Several researchers in science education have identified significant sources of epistemic uncertainty. By studying second-, fourth-, and fifth-grade students' utterances of uncertainty in scientific inquiry, Metz (2004) identified five major sources of epistemic uncertainty: when attempting to produce the desired conclusion, when considering the quality of data, when identifying trends in the data, when generalizing an explanation from the data, and when attempting to align explanation to theory. Similarly, Lee and colleagues (Buck et al., 2014; Lee et al., 2014; Lee et al., 2019) conducted four survey-based studies to investigate high school student uncertainty toward argumentative science tasks. They showed that epistemic uncertainty resulted from challenges in coordinating theory and evidence, as well as using evidence to support claims. They also found that students that had a higher degree of uncertainty and were able to articulate it tended to engage more deeply in science tasks.

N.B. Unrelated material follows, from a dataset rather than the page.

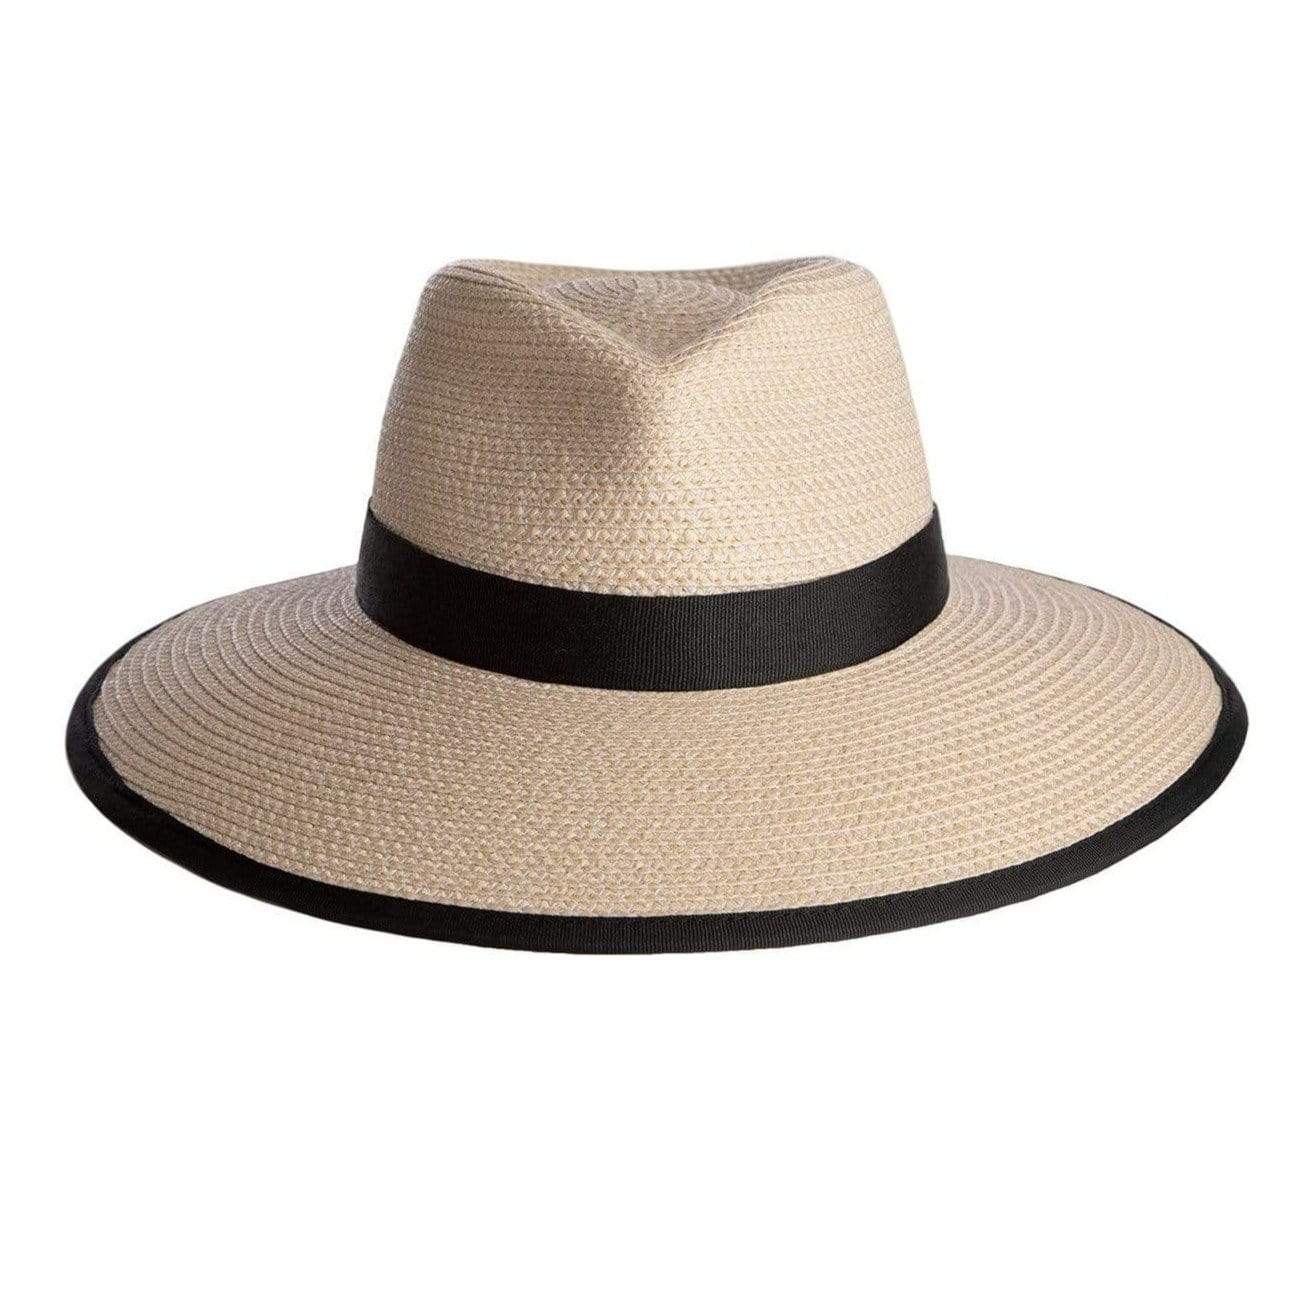 eric-javits-women-hats-cream-black-sun-crest-visor-hat-bone-mix-28205920321694_1800x1800_99c05d7e-a512-4750-bb8b-072cf2da87f6.jpg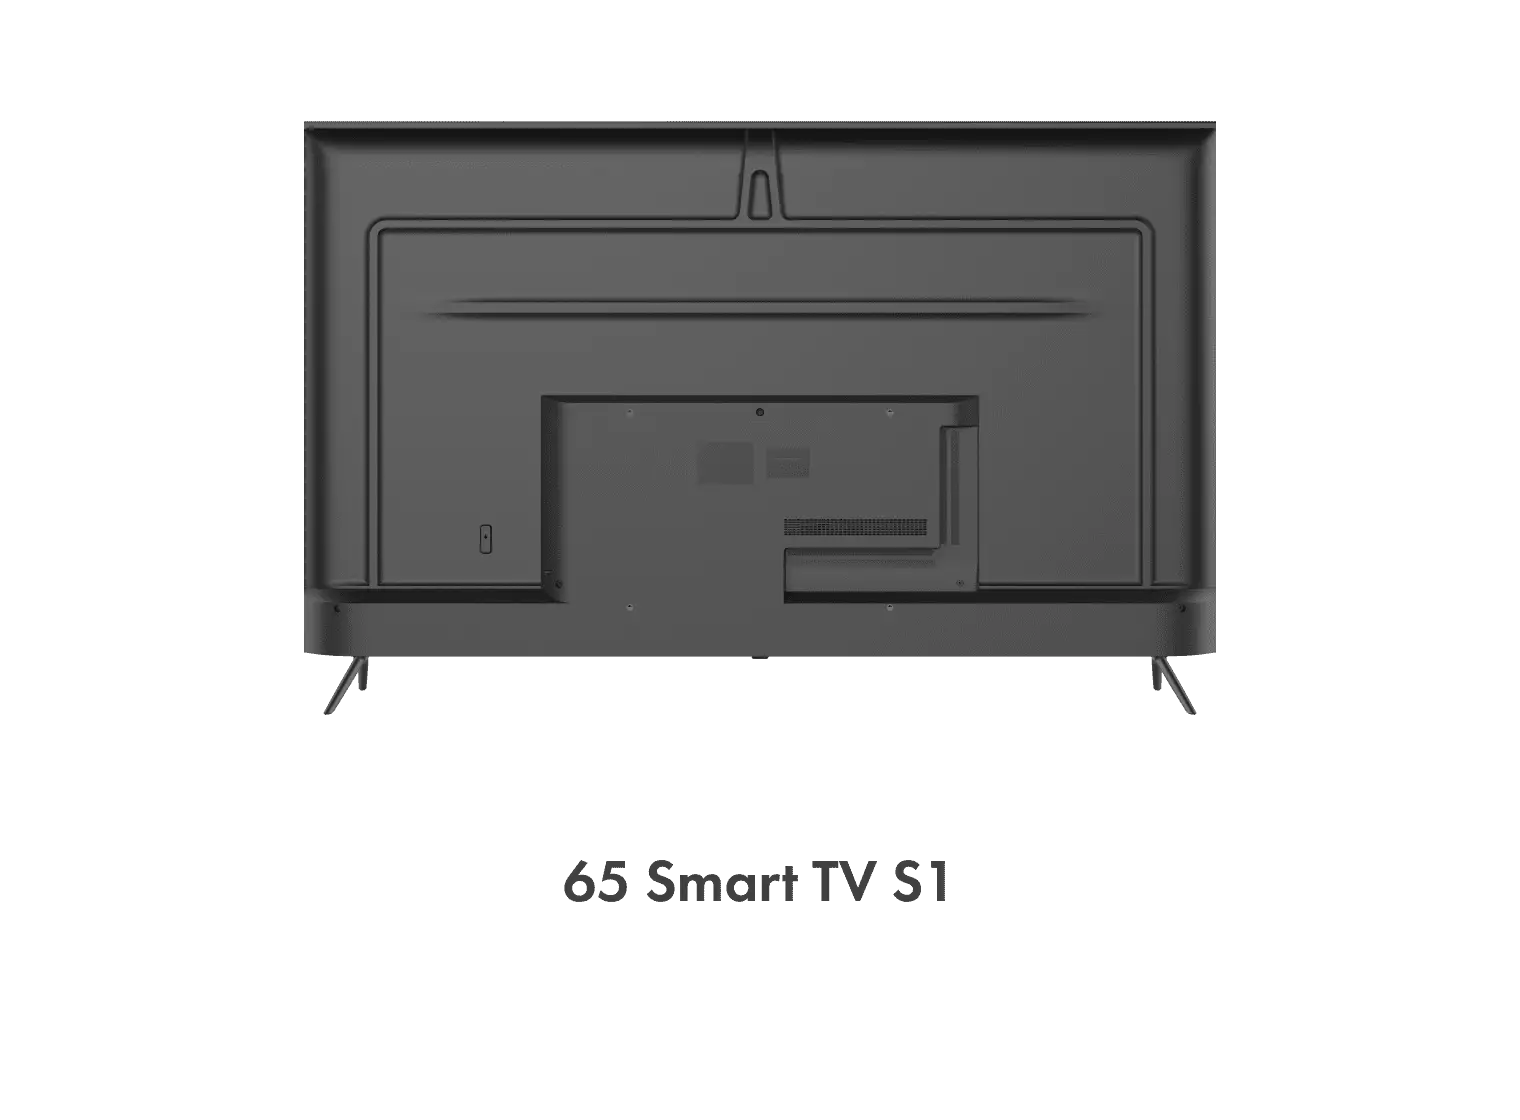 Телевизор Haier 65 Smart TV S1

2.5 Storyline talk to horizontally and vertically construct a coherent knowledge system

Many scholars have advocated constructing a storyline-based curriculum, lesson, activity, and discussion to engage students in deep learning of science concepts and practices (e.g., Hanuscin et al., 2016; Haverly et al., 2020; McDonald & Kelly, 2007; Roth et al., 2011). A storyline can be defined as a conceptual sequence of learning activities in a coherent manner, in which each step is driven by students' ideas and questions that arise from their interaction with teachers, peers, and materials (Hanuscin et al., 2016). Roth et al. (2011) advocated that teachers should weave students' ideas to construct a coherent “storyline” rooted on the sequence of discussed concepts. They analyzed TIMSS (Trends in International Mathematics and Science Study) results from five countries and found that teachers in high-achieving countries tended to build a coherent storyline “with clear and explicit connections made between the opening focus question, the science ideas, the activities, the follow-up discussions of activities, and the lesson ending” (p. 120). Teachers in low-achieving countries tended to poorly organize students' ideas, science content, discussion, and activities to create a storyline.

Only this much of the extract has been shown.